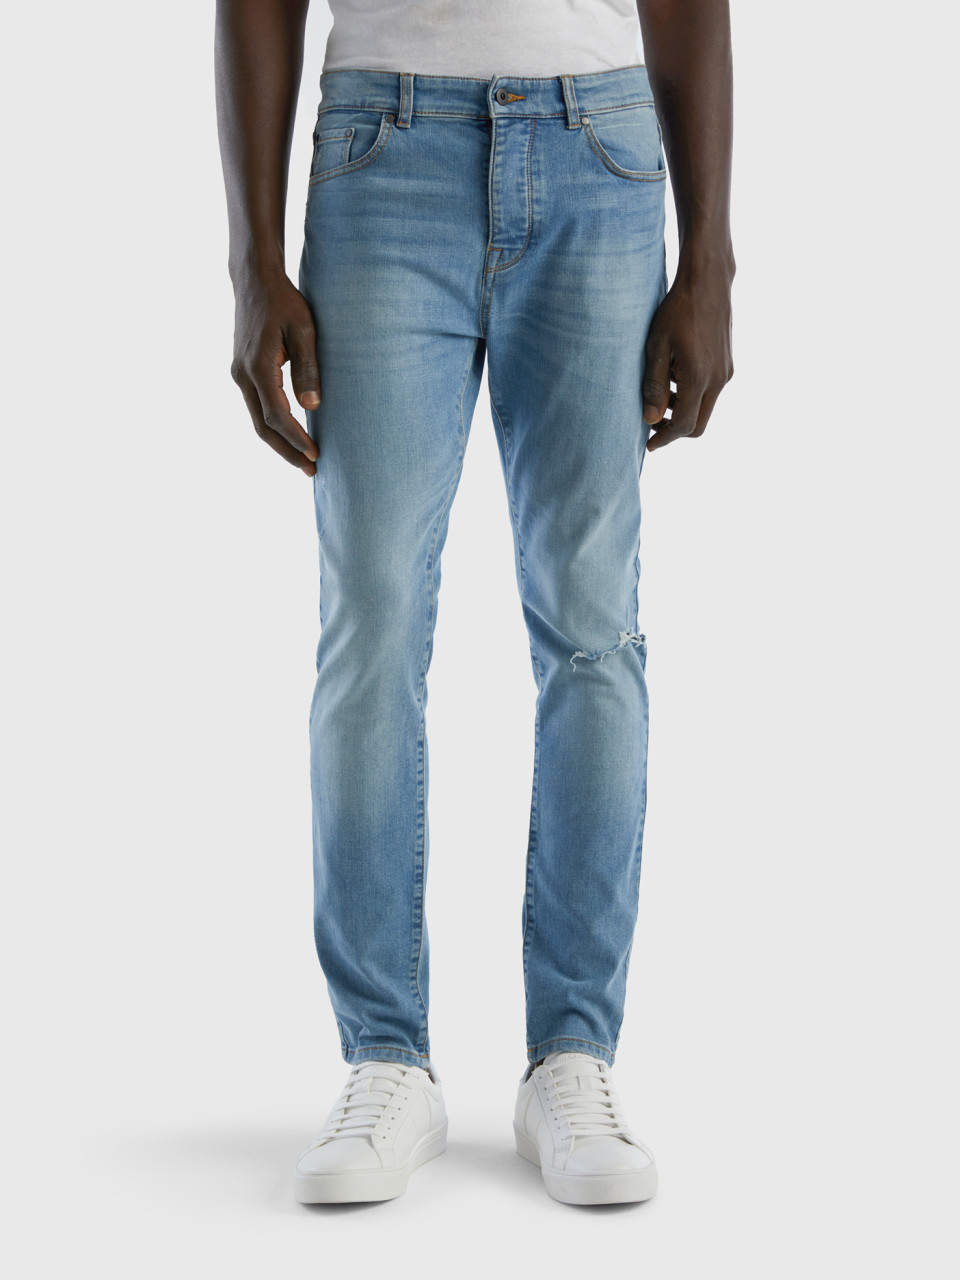 Benetton, Jeans Coupe Skinny, Bleu, Homme
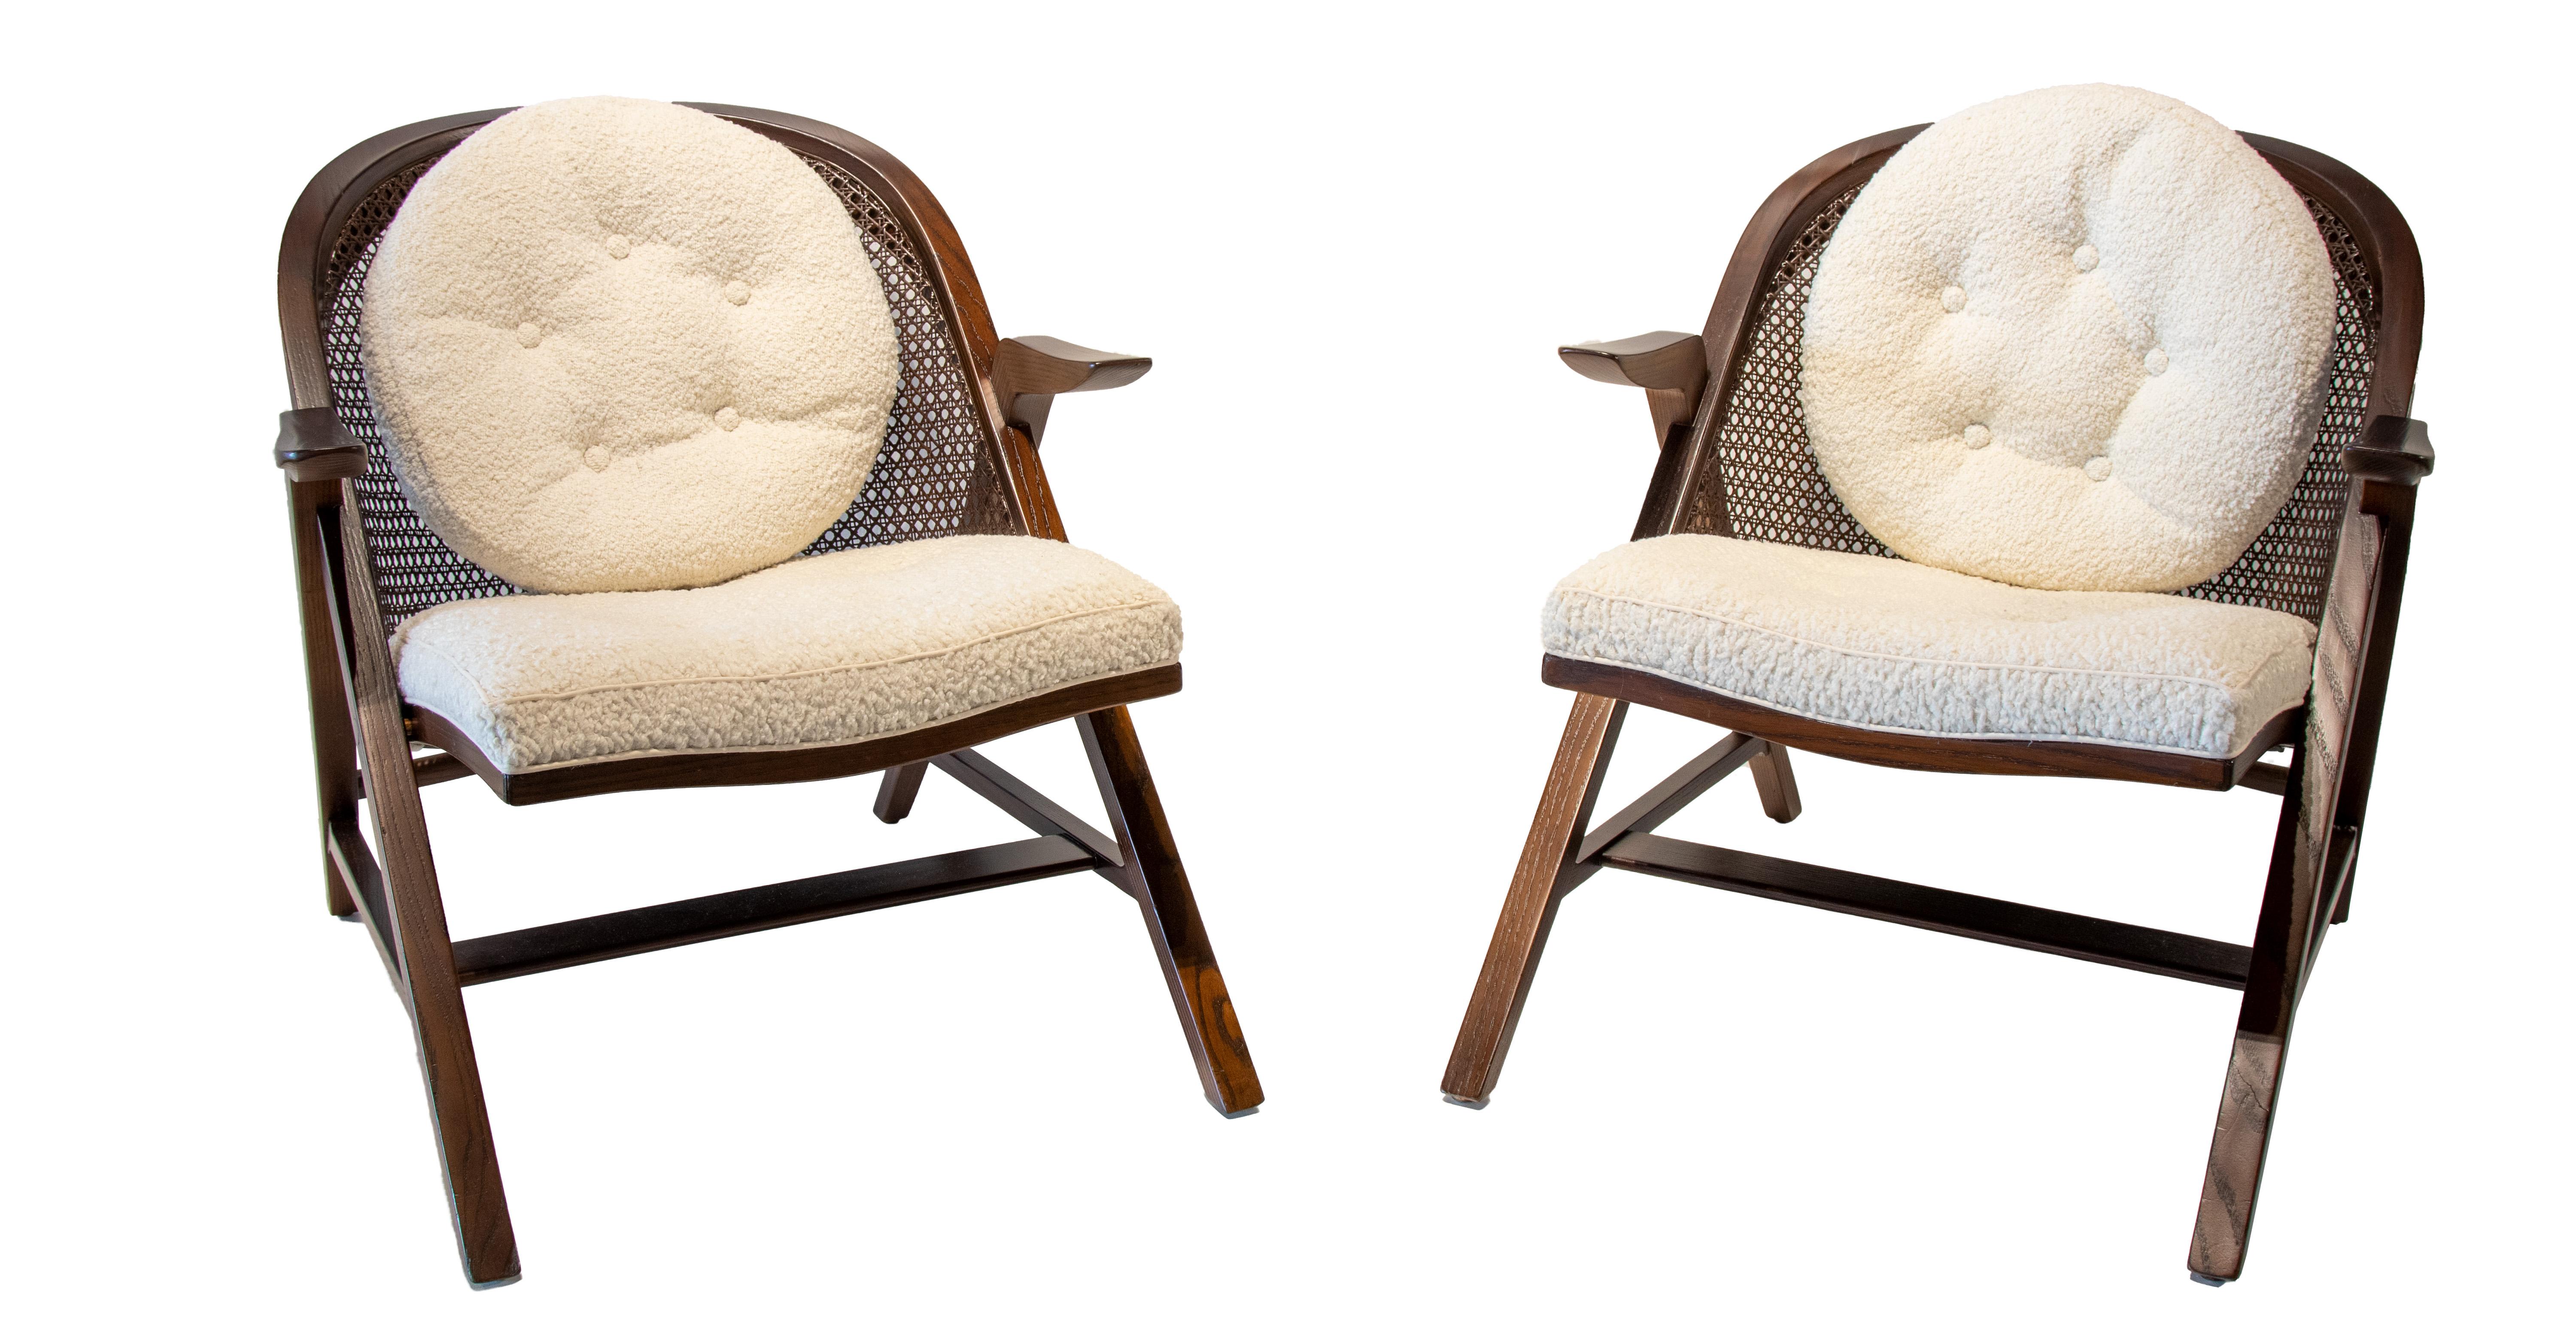 Mid-20th Century Pair of 1950s Edward Wormley for Dunbar Cane back Chairs model 5700a For Sale
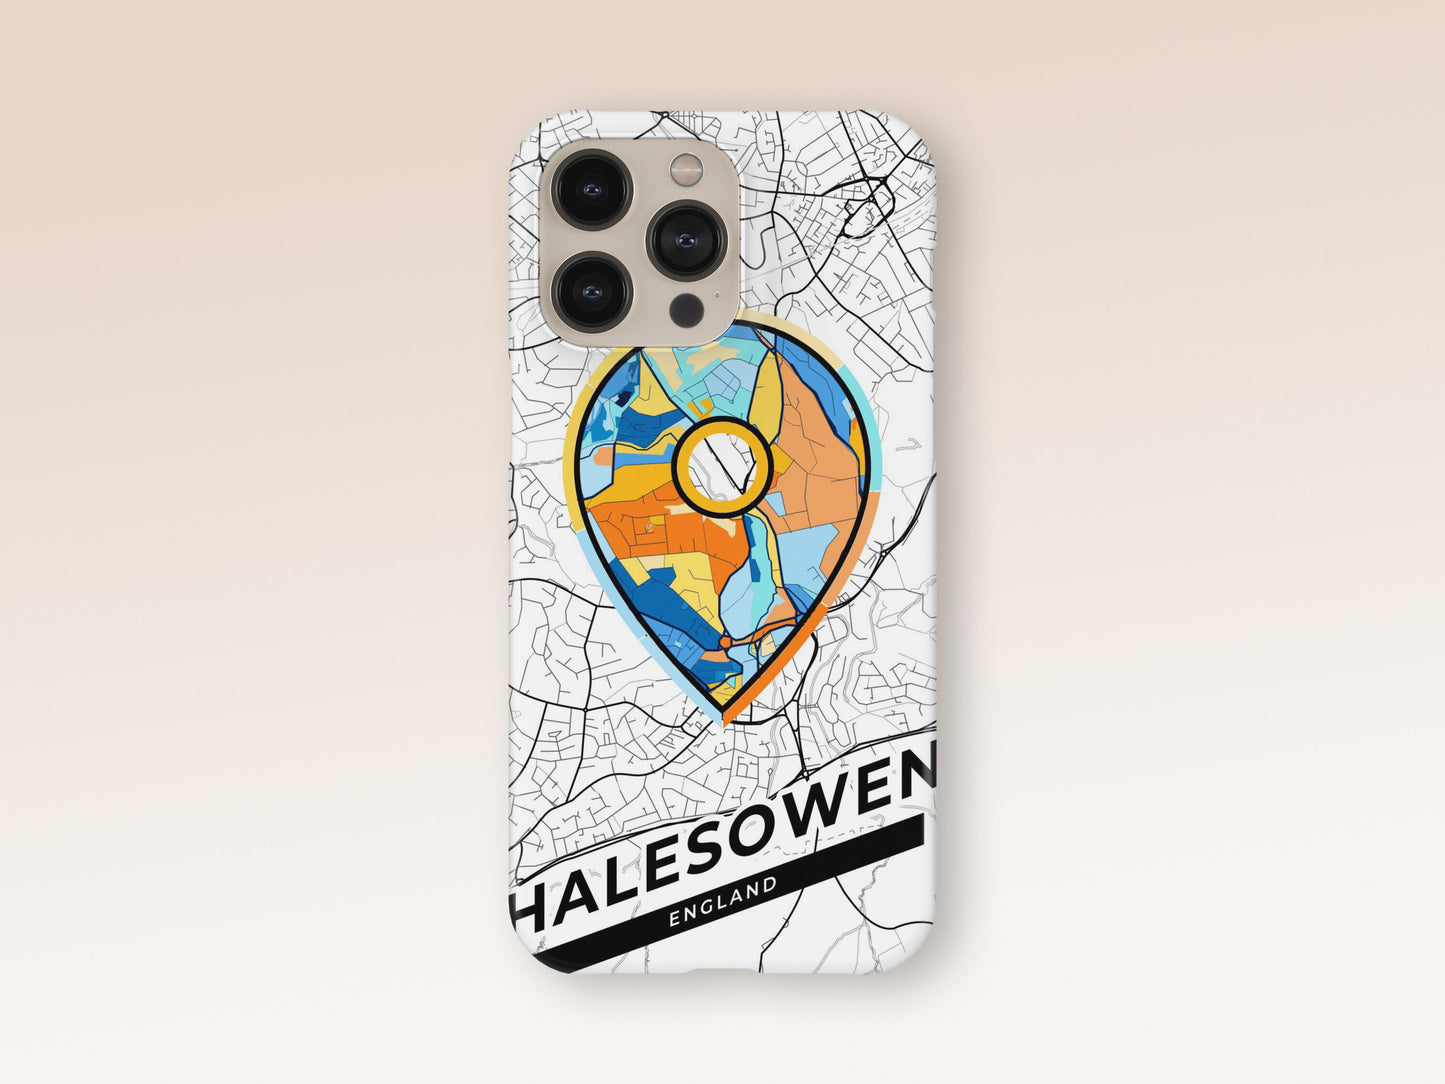 Halesowen England slim phone case with colorful icon. Birthday, wedding or housewarming gift. Couple match cases. 1
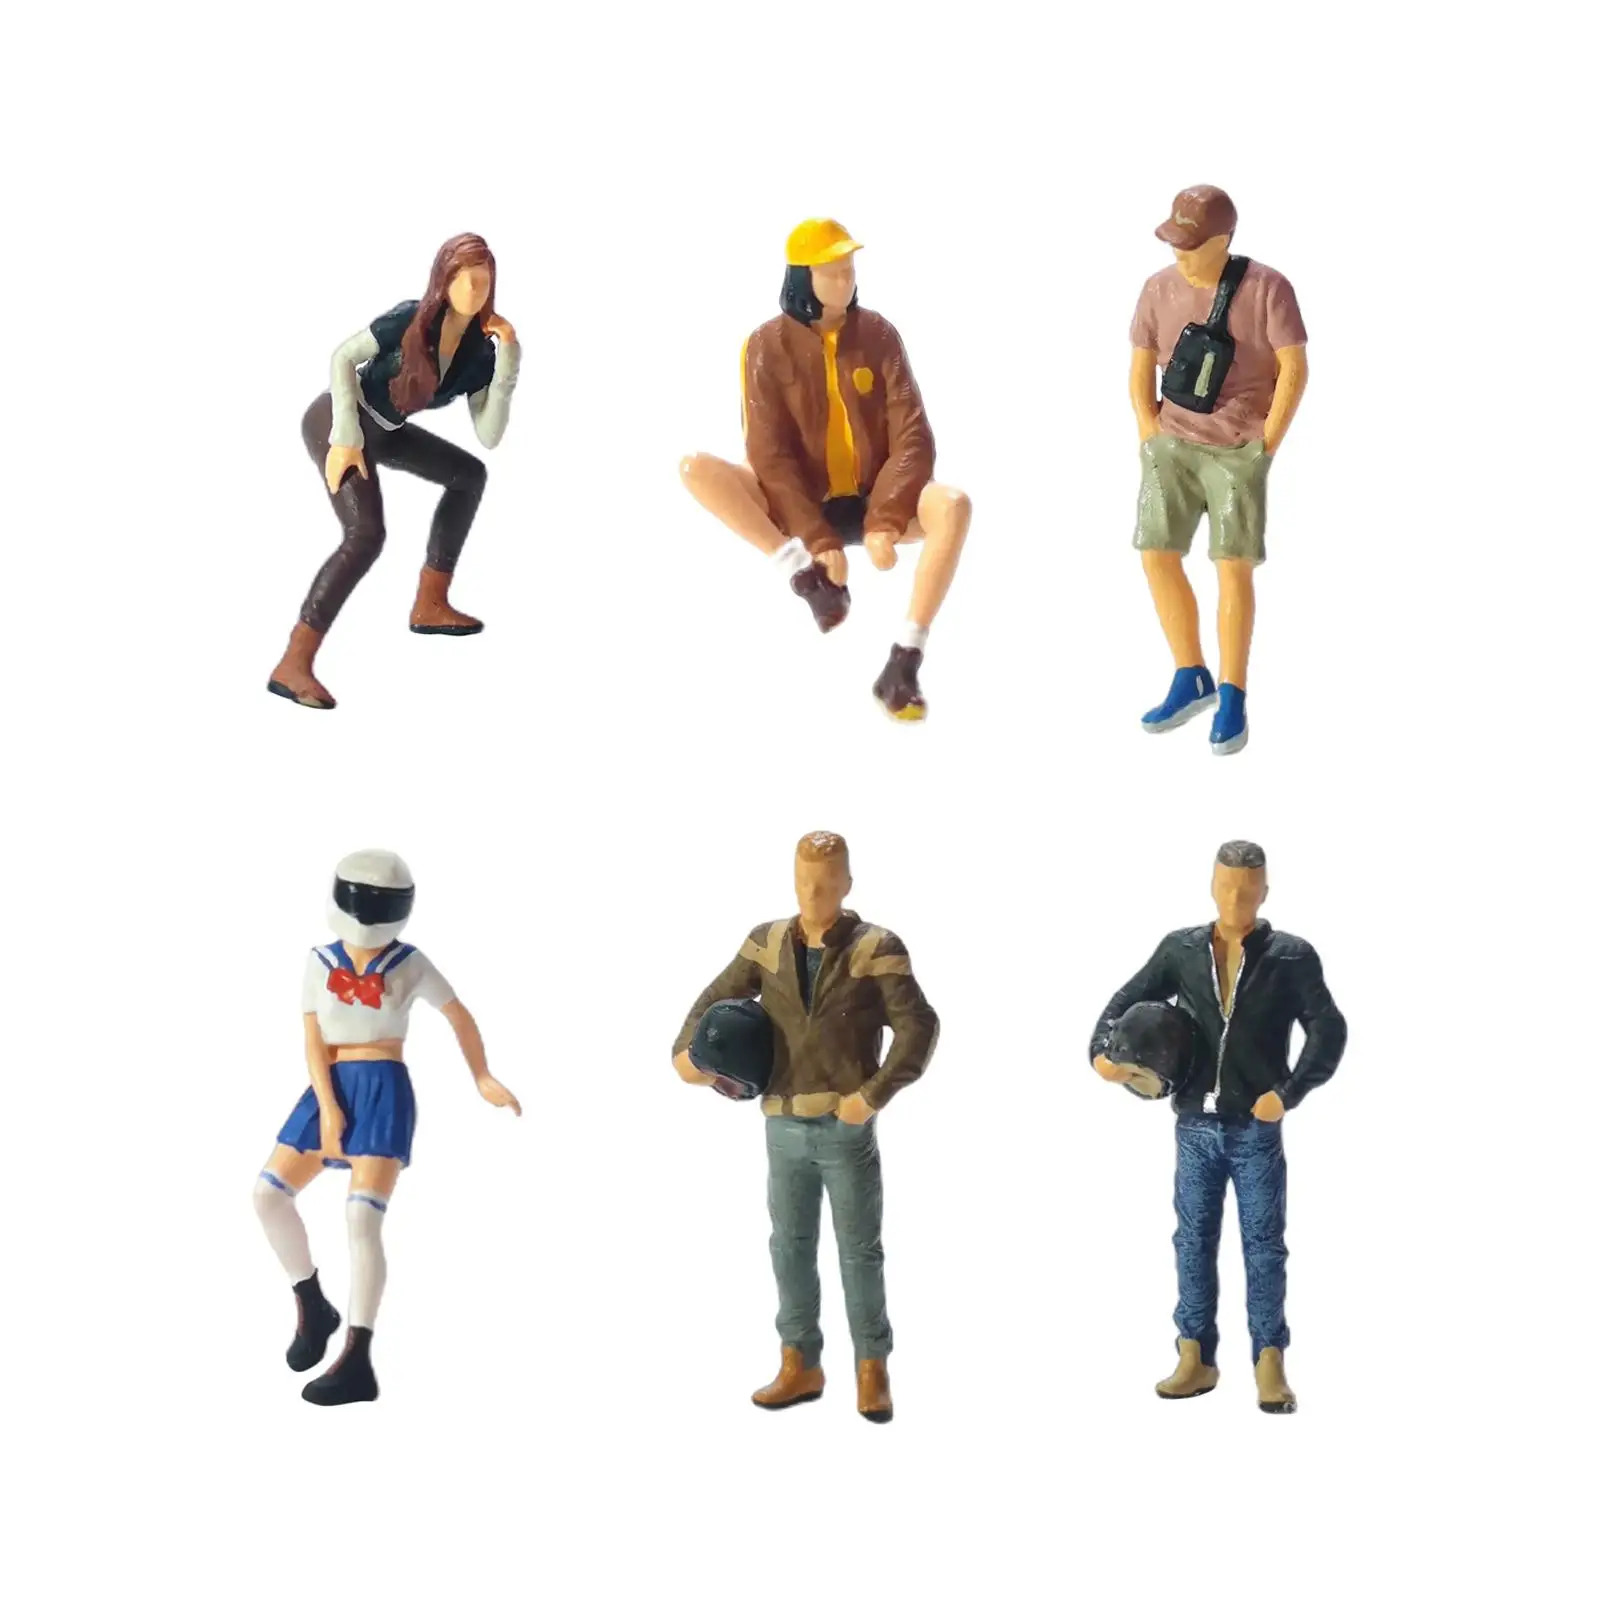 1/64 Figures Model Ornament Tiny People 1/64 Scale Model Figures Miniature Model Figures Miniature Scenes Decor Diorama Layout

• Work to be completed:
Without including any picture, reproduce all of the material exactly.

• Task output:
 Benetton, Jeans Coupe Skinny, Bleu, Homme
 Mid-20th Century Pair of 1950s Edward Wormley for Dunbar Cane back Chairs model 5700a For Sale
 Halesowen England slim phone case with colorful icon. Birthday, wedding or housewarming gift. Couple match cases. 1
 1/64 Figures Model Ornament Tiny People 1/64 Scale Model Figures Miniature Model Figures Miniature Scenes Decor Diorama Layout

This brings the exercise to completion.